Fig 5. Effects of the propranolol treatment on fat mass and glucose metabolism in mice fed HSHFD for 8 weeks.

(A) Data on body weight and calorie intake from mice with or without propranolol (Propra). Body weight was measured 8 weeks after ND or HSHFD feeding. Food intake was collected for 3 days on days 54 to 56 after ND or HSHFD feeding was started and shown as a representative of the average daily calorie intake. (B) Fat mass in the whole body of mice with or without propranolol was assessed by QCT 8 weeks after ND or HSHFD feeding was started. The tissue weight of epididymal WAT was measured 8 weeks after ND or HSHFD feeding. (C) The cross-sectional area (CSA) of adipocytes in the epididymal WAT of mice with or without propranolol 8 weeks after ND or HSHFD feeding was started. (D) Total RNA was extracted from the epididymal WAT of mice with or without propranolol 8 weeks after ND or HSHFD feeding was started. A real-time PCR analysis was then performed. Data are expressed relative to the levels of 18S rRNA. (E) Fasting blood glucose and serum insulin levels were measured 8 weeks after ND or HSHFD feeding was started. (F, G) Responses of blood glucose to a single intraperitoneal injection of glucose (F) and insulin (G) in mice with or without propranolol 8 weeks after ND or HSHFD feeding was started. The area under the curve (AUC) for 120 min was calculated. Cont; control. *P < 0.05 and **P < 0.01; ¶P < 0.05 and ¶¶P < 0.01, vs ND/Control; #P < 0.05 and ##P < 0.01, vs HSHFD/Propranolol (Tukey-Kramer test). Data represent the mean ± SEM of 8 mice in each group.

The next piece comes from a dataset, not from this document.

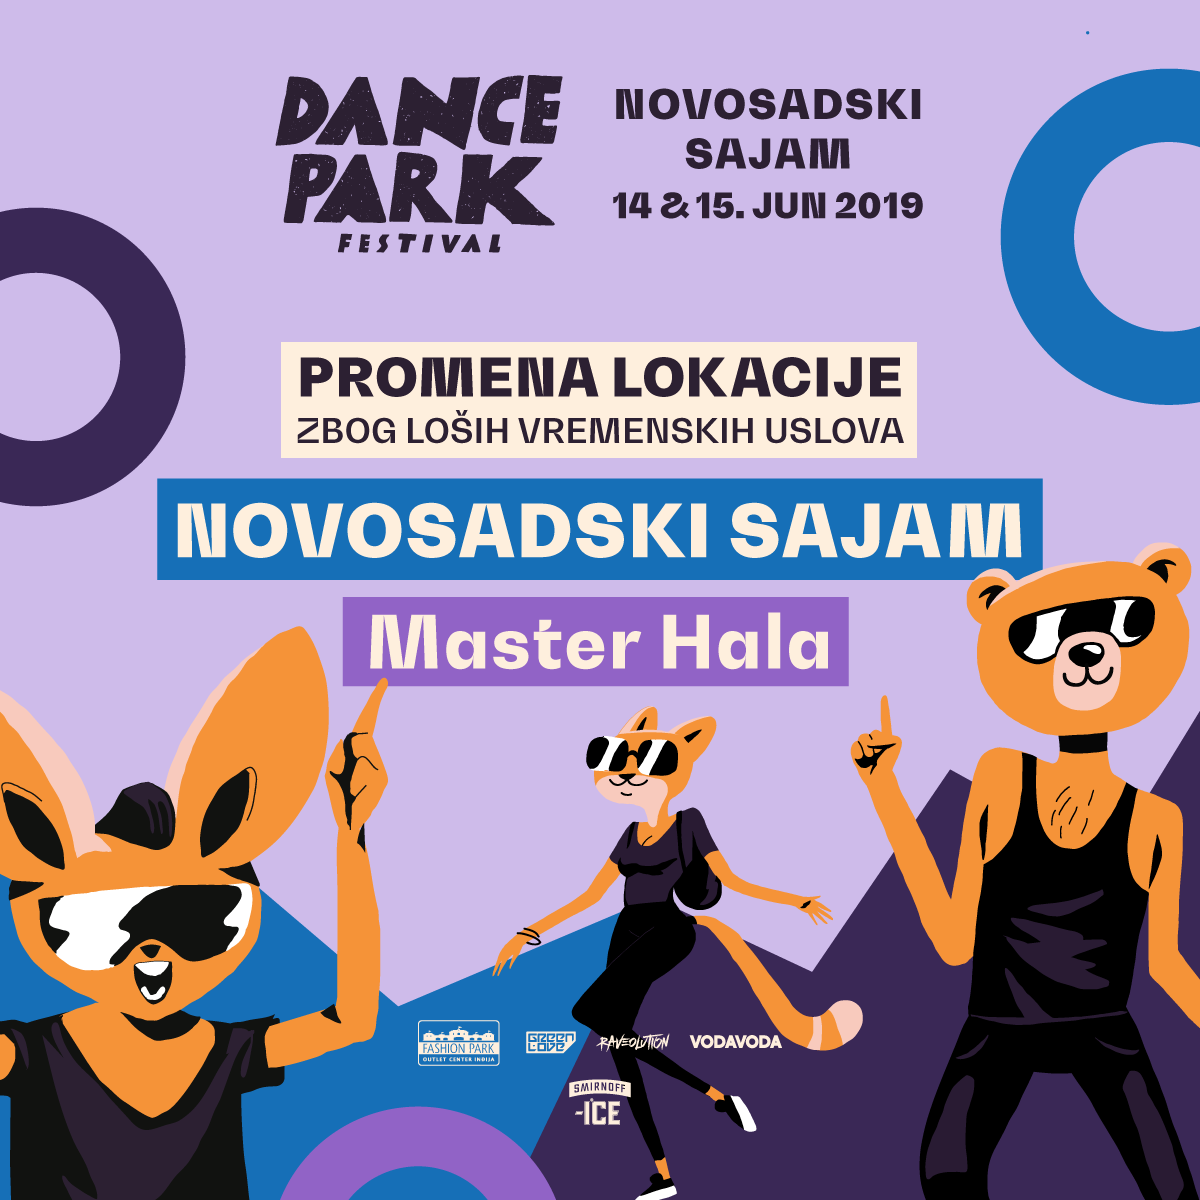 Dance park festival biće održan 14. i 15. juna na Novosadskom sajmu
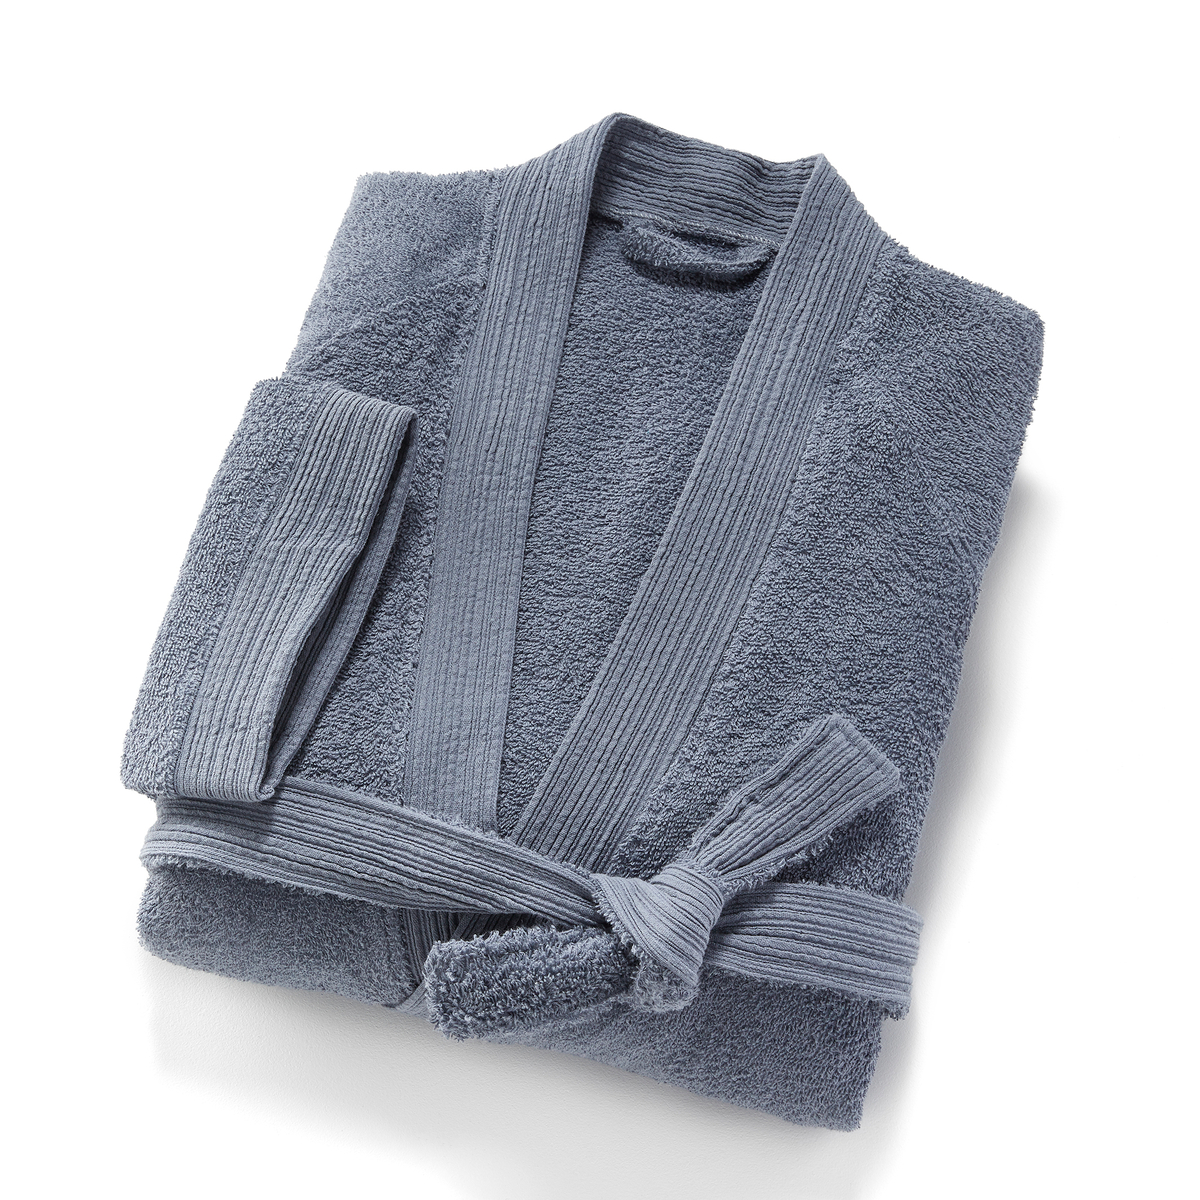 Product photograph of Scenario Kimono Bathrobe In Organic Cotton from La Redoute UK

Fig 6. Effects of sVL and HSHFD feeding on gene expression in vestibular nuclei of mice.

Total RNA was extracted from the vestibular nuclei of sham surgery and sVL mice 8 weeks after ND or HSHFD feeding was started. A real-time PCR analysis was then performed. Data are expressed relative to the levels of 18S rRNA. *P < 0.05 (Tukey-Kramer test). Data represent the mean ± SEM of 6 mice in each group.